The Jason Hahn Files: How To Deal With That Friend Who Always Cancels

“‘We’ve made so many plans to meet up for coffee, for a movie, for drinks and lunch and dinner and manicures. And it’s always, ‘I’ll let you know?’’ Saffy went on, working herself up into a simmering rage.”

Saffy’s motto in life is: “Everyone will eventually disappoint you.”

Each time she’s been let down by someone, say, her mother, she’ll announce in dolorous tones, “Everyone will eventually disappoint you.”

She says she came up with the motto when Jonathan, her first boyfriend in high school, cheated on her with the head girl. “I was devastated!” she told us once. “He was the first boy I ever loved. I thought we were going to get married. And then he had to hook up with that skank, Sarah Chan. Broke my heart.”

Apparently, Jonathan eventually married the skank, but on their seventh wedding anniversary, she ran off with her remisier with whom she’d been having a torrid affair. Some time later, Saffy bumped into Jonathan when he was coming out of the local 4D shop. “He’s grown so fat!” she later reported with immense satisfaction. Her bosom strained with happiness against her T-shirt. “You can barely see his eyes! Which just goes to show. Everyone gets what’s coming to them.”

Amanda arched an eyebrow. “Is that another life motto?” she asked.

Saffy’s bosom inflated. “Yes! It’s the yin to the yang of motto number one!”

A couple of weeks ago, she stormed back into the flat, her face black as night.

Amanda and I were on the couch weighing up our Netflix options — a Marie Kondo re-run or a slasher flick.
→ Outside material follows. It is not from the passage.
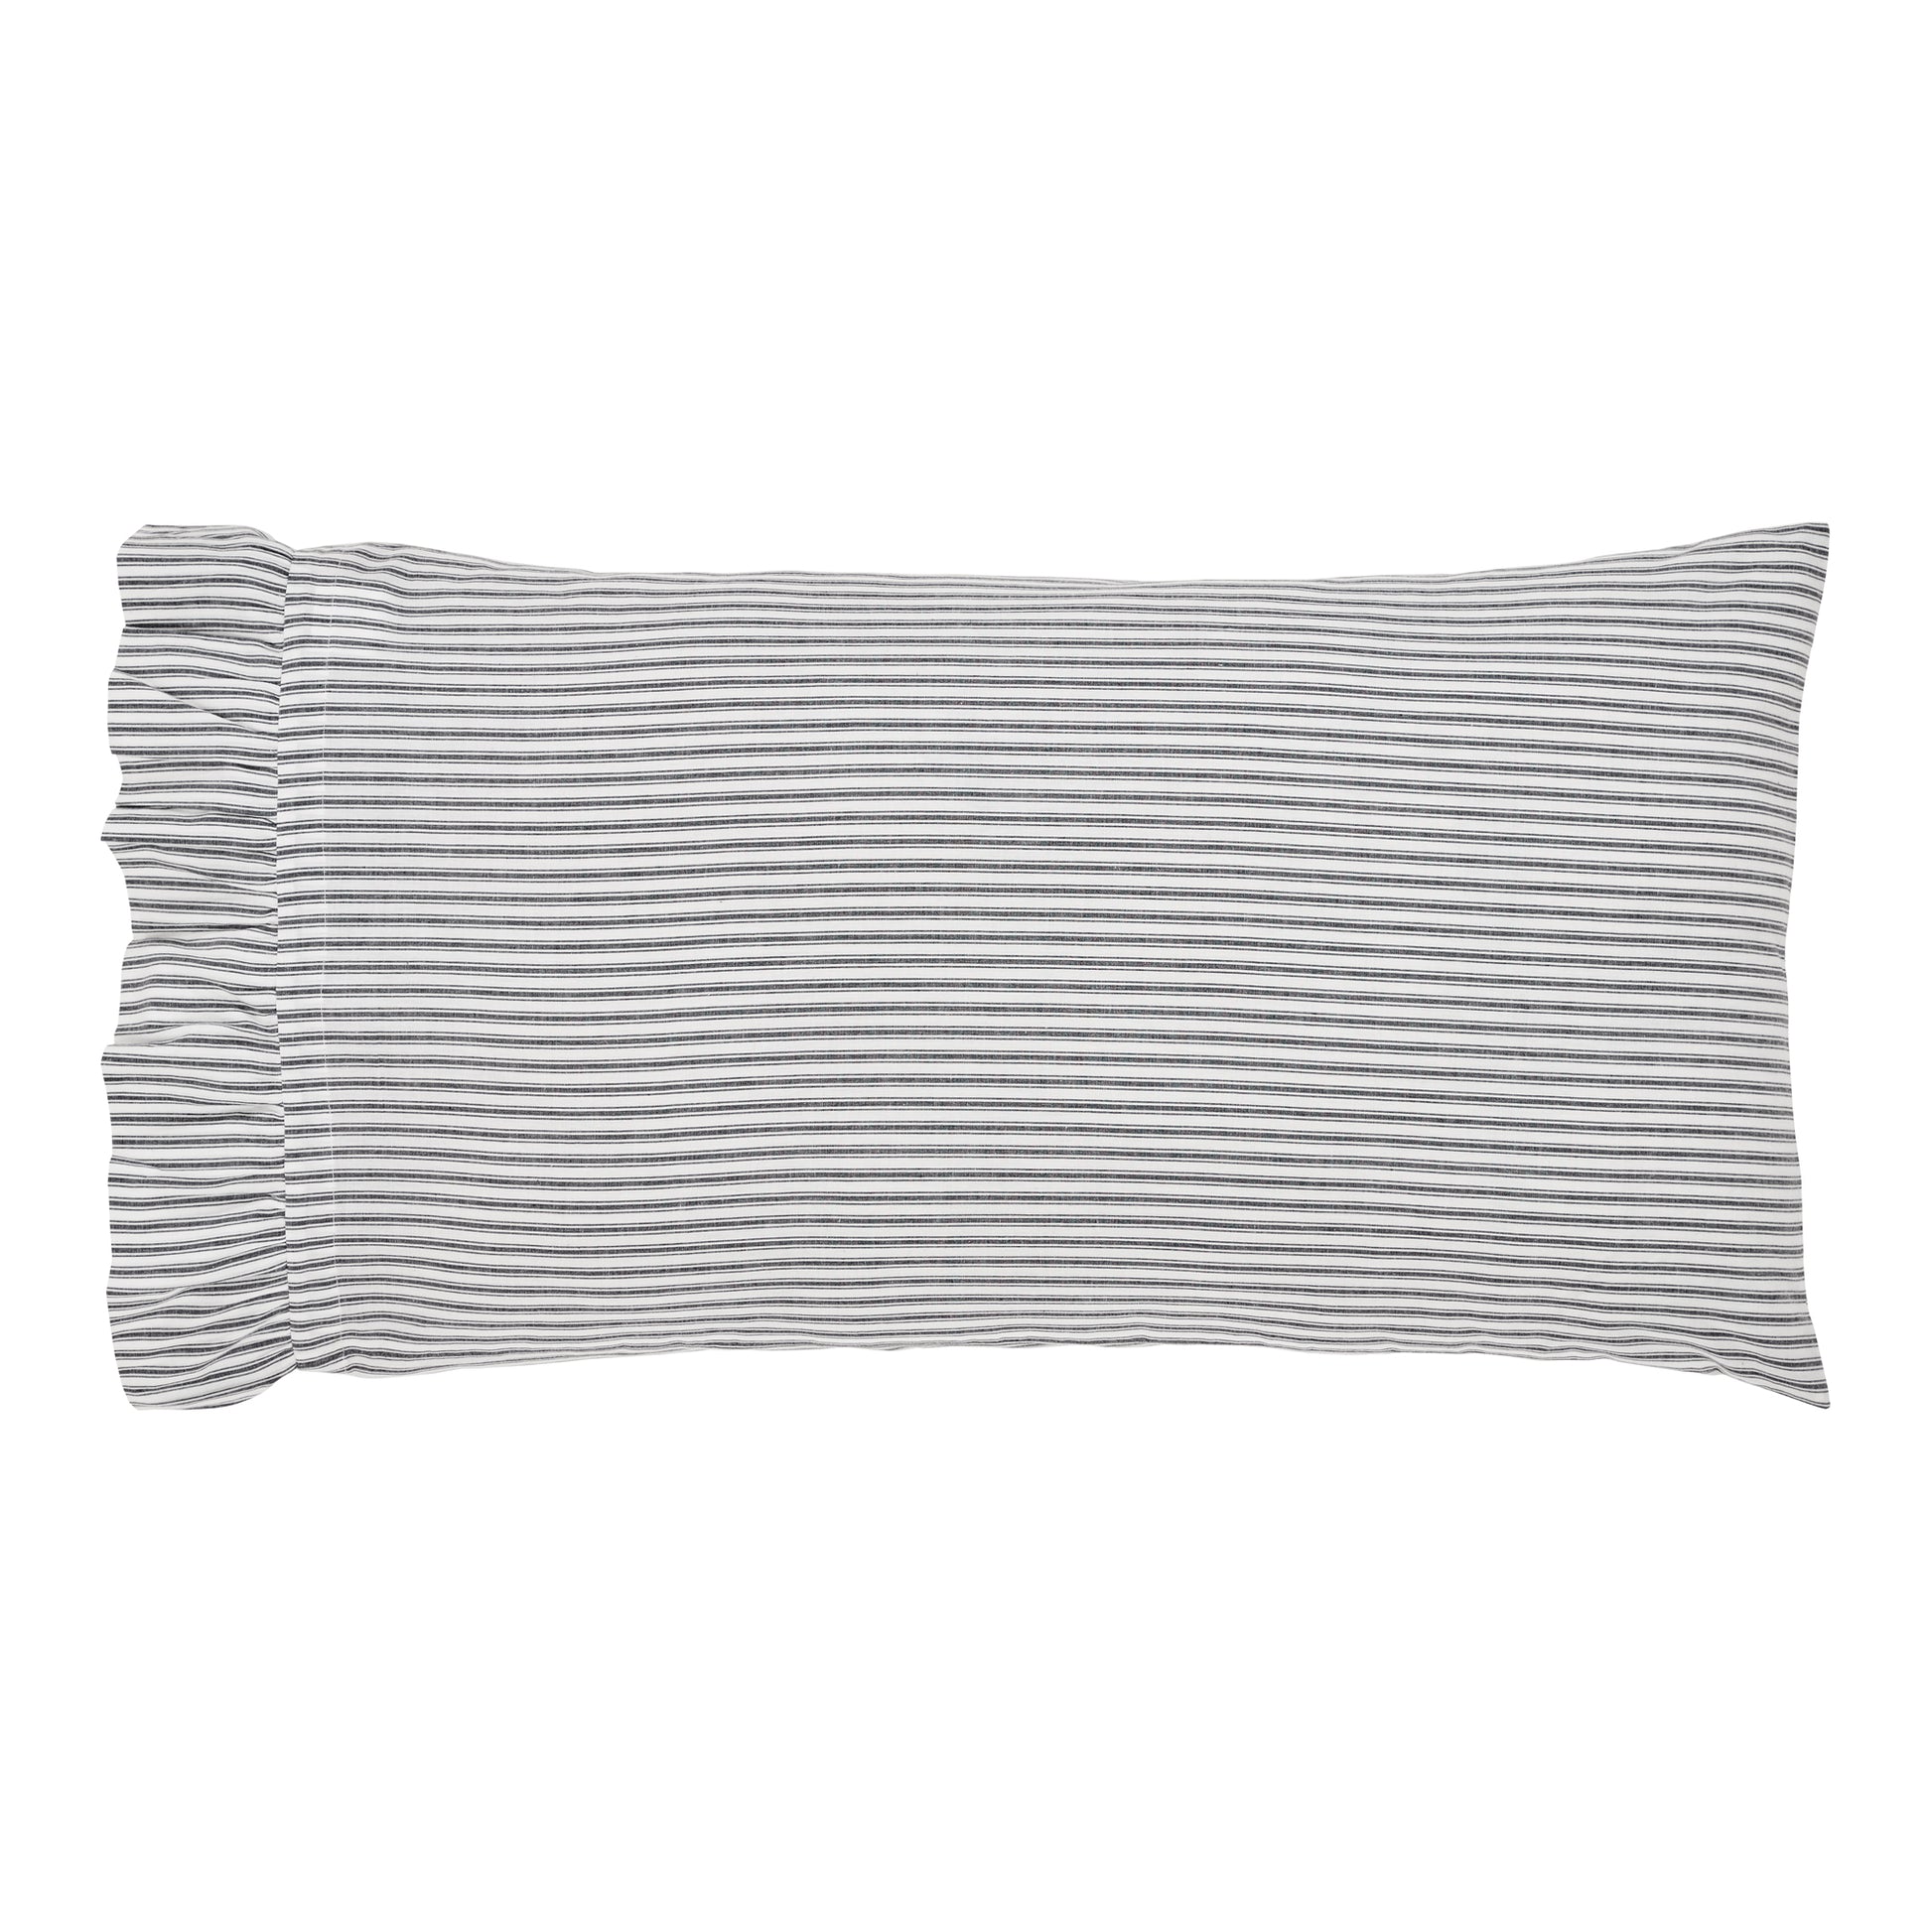 80457-Sawyer-Mill-Black-Ruffled-Ticking-Stripe-King-Pillow-Case-Set-of-2-21x36-4-image-3

We looked up at Saffy’s entrance.

“What happened?” Amanda asked.

Saffy’s bosom inflated. “I am never going out again with that Melissa!”
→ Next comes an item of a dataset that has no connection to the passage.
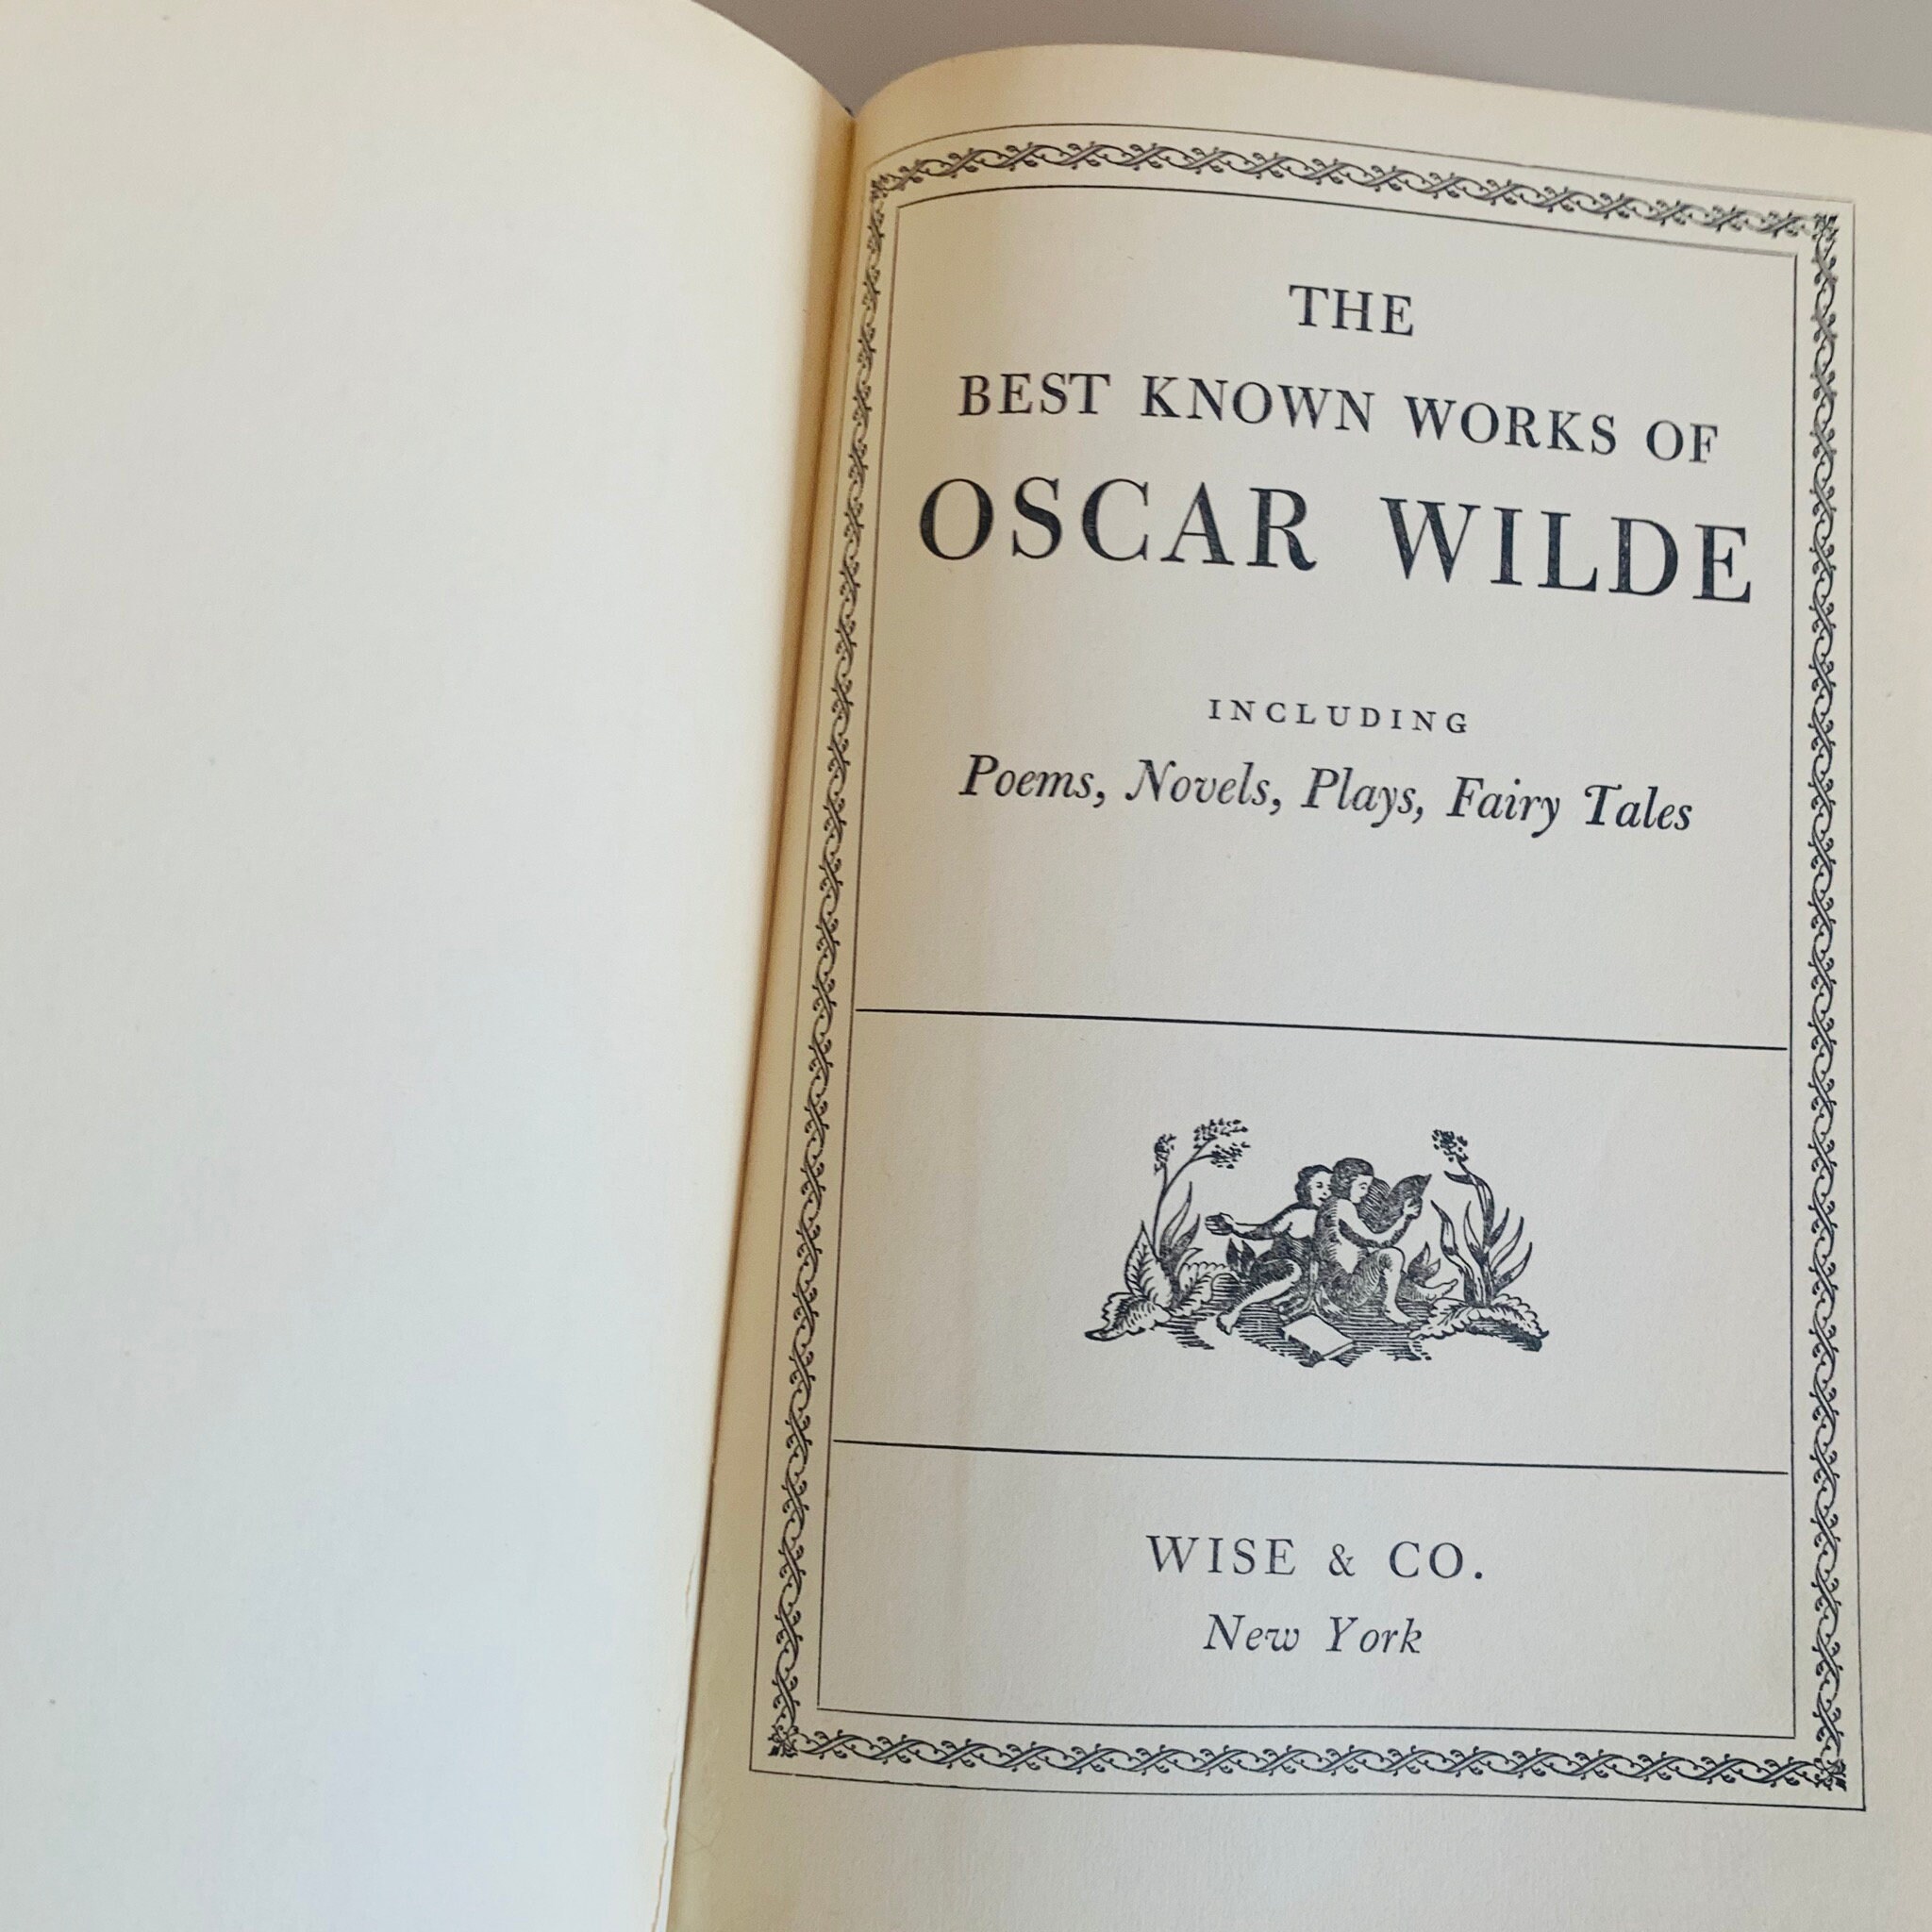 Oscar wilde biografia obras y oraciones

Amanda sucked in her breath. “Oh my God. She ditched you again?”

Saffy flopped onto the sofa next to us. “I just never learn!”
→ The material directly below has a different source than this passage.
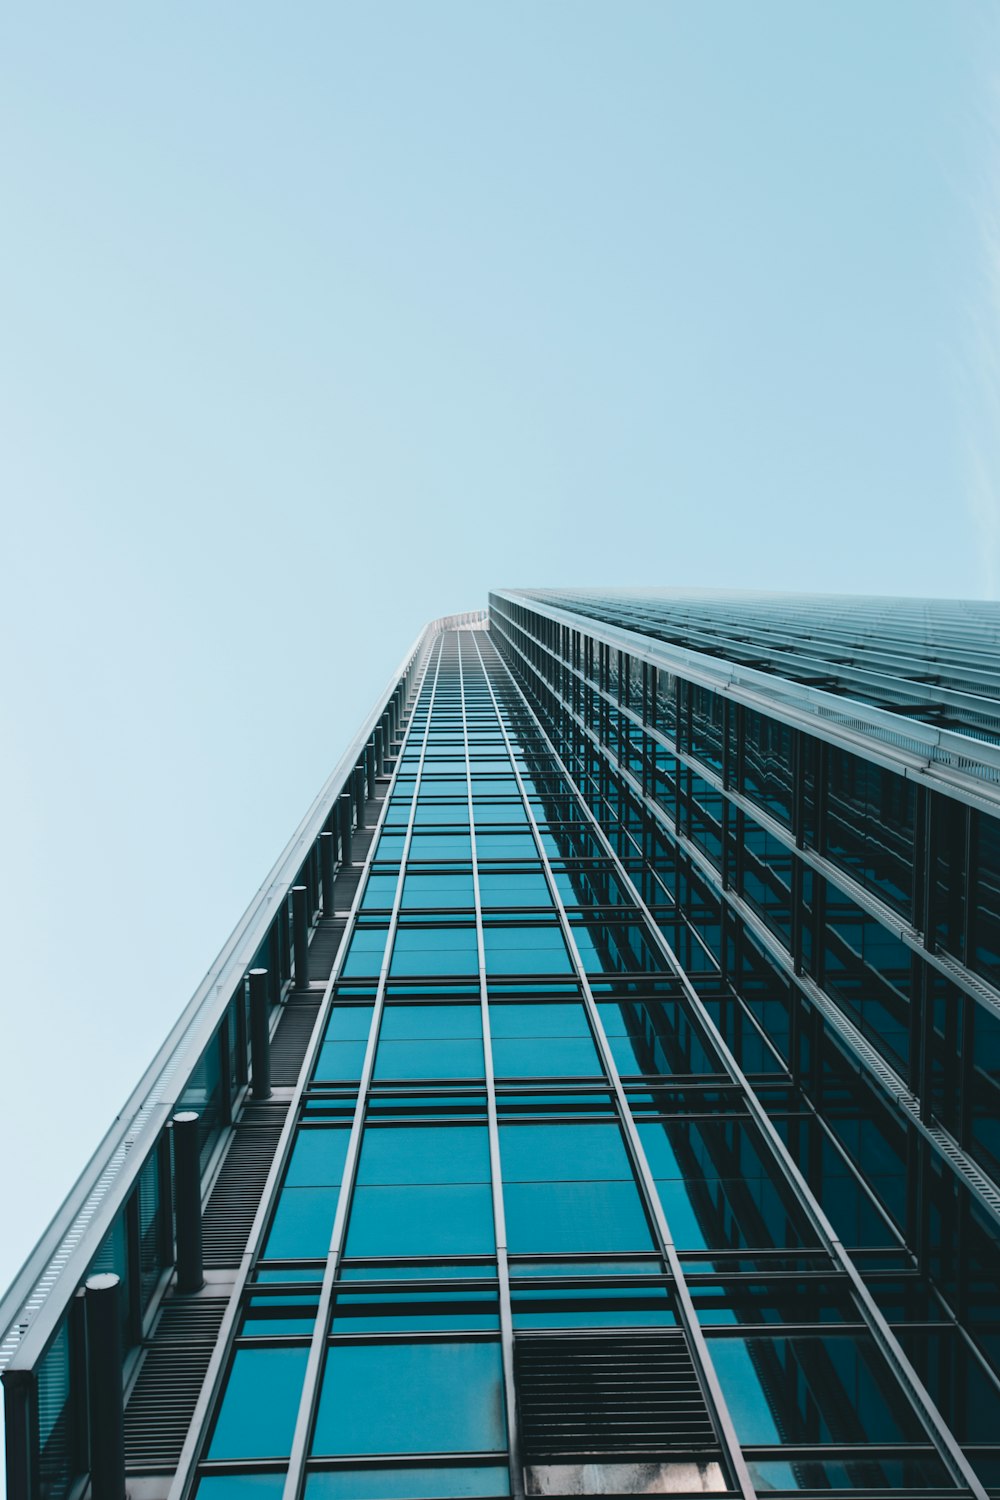 Fotografía de ángulo bajo de un edificio de gran altura de vidrio transparente

Amanda later told me that she’d been friends with Melissa first and had introduced her to Saffy. “She’s the absolute pits, but she and Saf seemed to hit it off, so I couldn’t wait to palm her off.”

I’ve met the woman a few times. She’s a transplant from New York, and a lawyer in one of the Big Four firms in Raffles Place. The first time I met her, I was in the midst of my obsession with Dr Pimple Popper and Melissa said that was the most disgusting thing she’d ever heard, so that was the end of that potential friendship.

But to hear Saffy now tell it, the woman is actually very nice company.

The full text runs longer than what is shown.